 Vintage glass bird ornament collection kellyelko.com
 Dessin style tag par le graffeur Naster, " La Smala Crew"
_ _ _ _ _ _ _
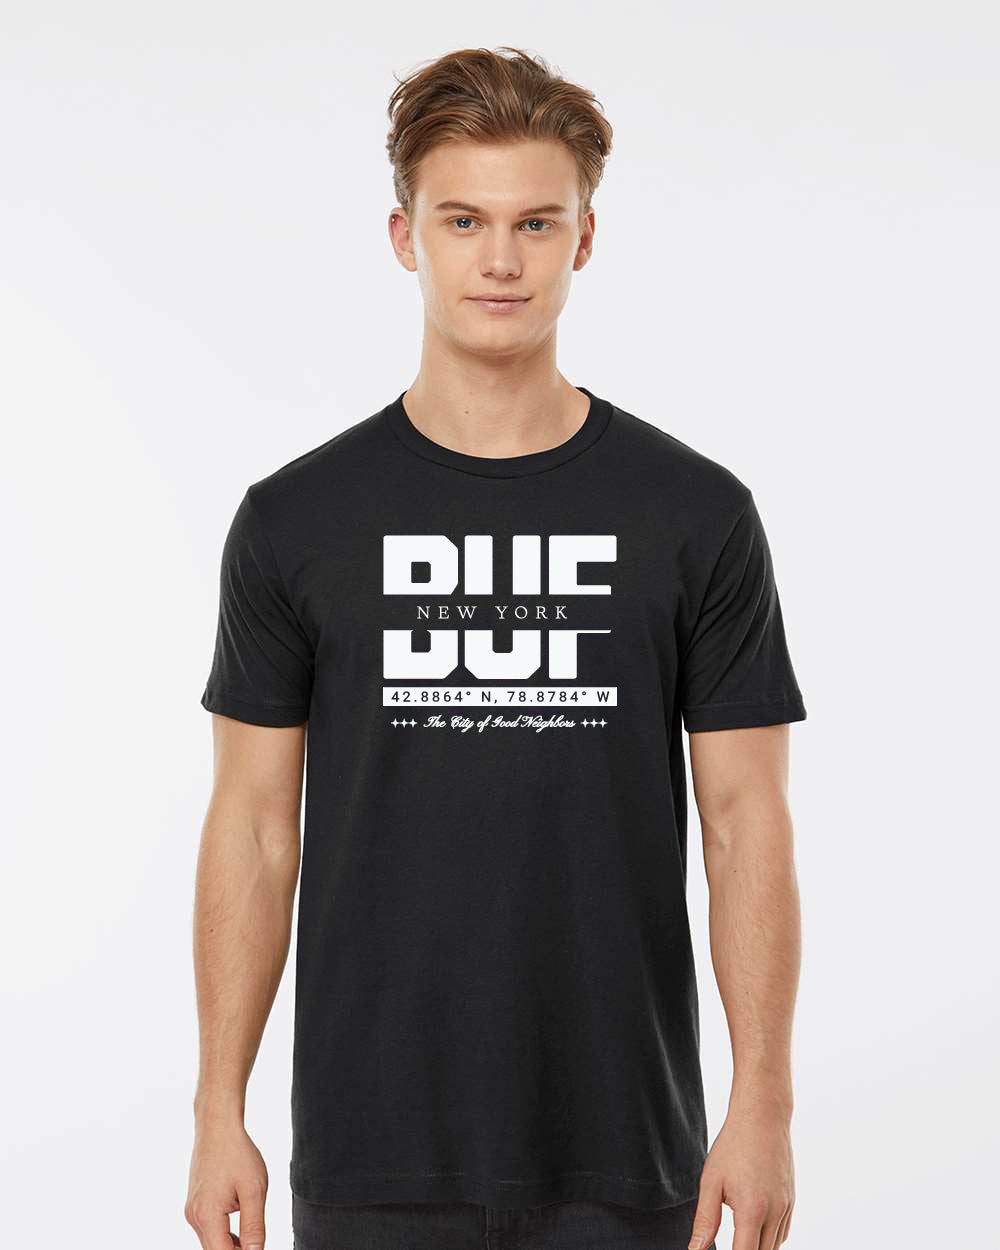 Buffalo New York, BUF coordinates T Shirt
_ _ _ _ _ _ _
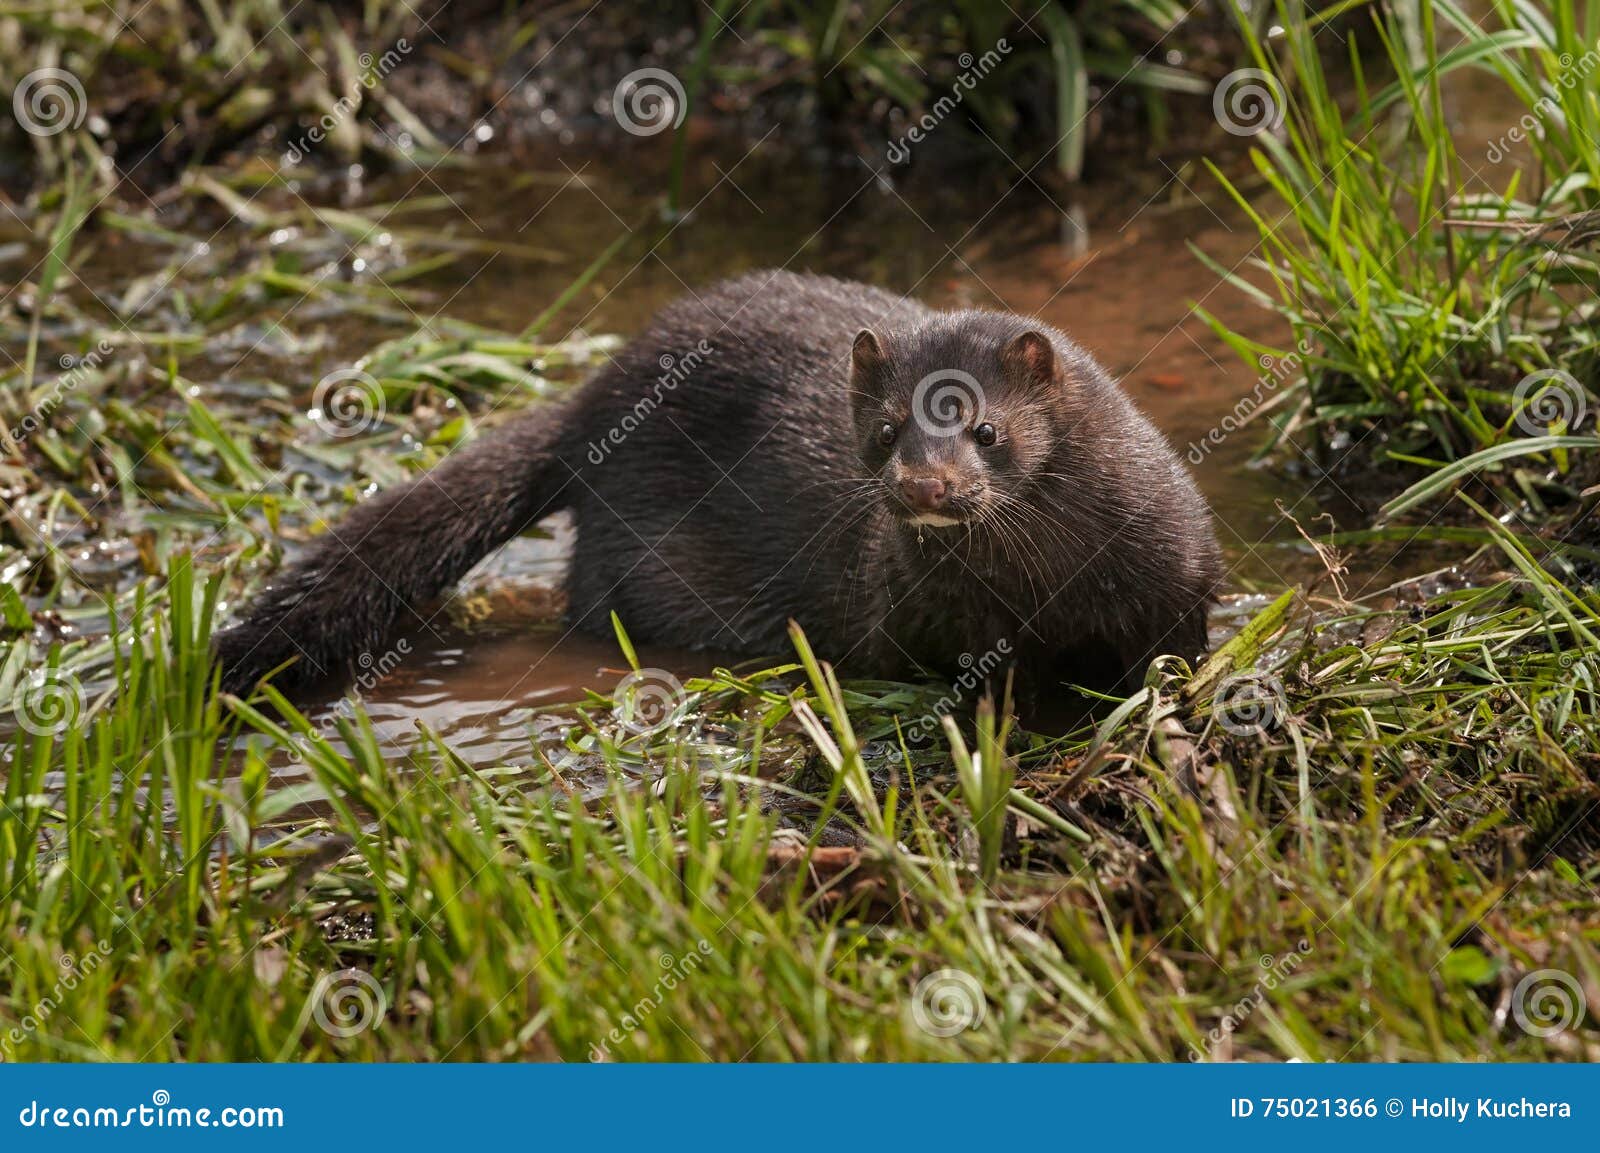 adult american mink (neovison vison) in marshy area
_ _ _ _ _ _ _
• REQUIRED WORK
Return only the stretch of the material above from the line holding "Vintage glass bird" through the line holding "Dessin style tag", copied exactly.

• YOUR RESPONSE
 Vintage glass bird ornament collection kellyelko.com
 Dessin style tag par le graffeur Naster, " La Smala Crew"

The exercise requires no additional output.